5 Conclusions and Future Directions
5 Conclusions and Future Directions
SDoH factors affect people's health at the individual, family, community, and society levels. There is an increasing interest in examining the role of SDoH in public and population health, as well as health disparities using RWD. In this opinion review, we summarized data resources and recent informatics approaches to screen and harmonize different levels of SDoH from heterogeneous data sources and utilize SDoH with RWD. We also identified potential challenges and barriers to the low documenting rate of SDoH in EHR systems [[87]], including lack of integration into clinical workflows, lack of incentives for SDoH data collection, and lack of training and tools for clinicians to derive actionable insights for decision making. The informatics community has made strides in developing NLP methods to extract SDoH from clinical narratives, linking EHRs with public surveys and environmental data, creating SDoH ontologies for standardization, and developing SDoH-based social risk scores. To better leverage SDoH, future work should establish incentives, policies [[88]], quality measures, and training [[42]] to improve the collection and use of SDoH. Technical solutions such as social risk management tools should follow user-center design and be integrated into real-world clinical workflows to identify social risks and address unmet social needs.

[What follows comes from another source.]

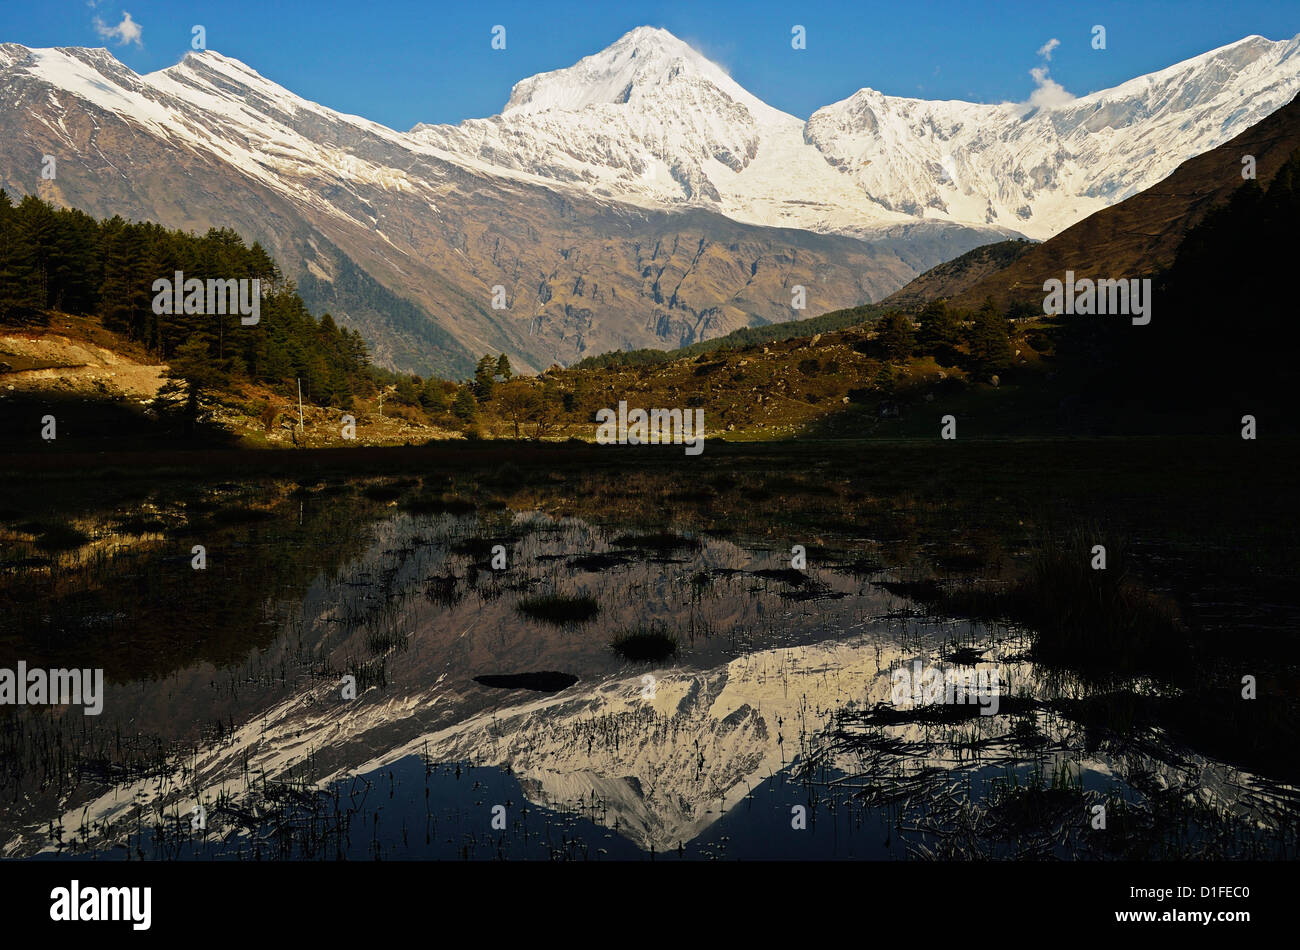 Dhaulagiri Himal visto da Titi, Annapurna Area di Conservazione, Dhawalagiri (Dhaulagiri), Regione Occidentale (Pashchimanchal), Immagini Stock

Note that even though the majority of recent studies on the methods and applications about linking EHRs with SDoH to improve public health were conducted in the United States, there are approaches for collecting SDoH data in the global context. A recent paper by Cossio [[89]] reviewed different approaches for digitally collecting or predicting SDoH such as quality of public transportation (Lisbon [[90]], Brazilian cities [[91]]), air quality (a city in Turkey [[92]]), and education (Sweden [[93]]). We believe that integrating SDoH into health care can improve public health, reduce healthcare disparities, and help inform public policies for effective interventions.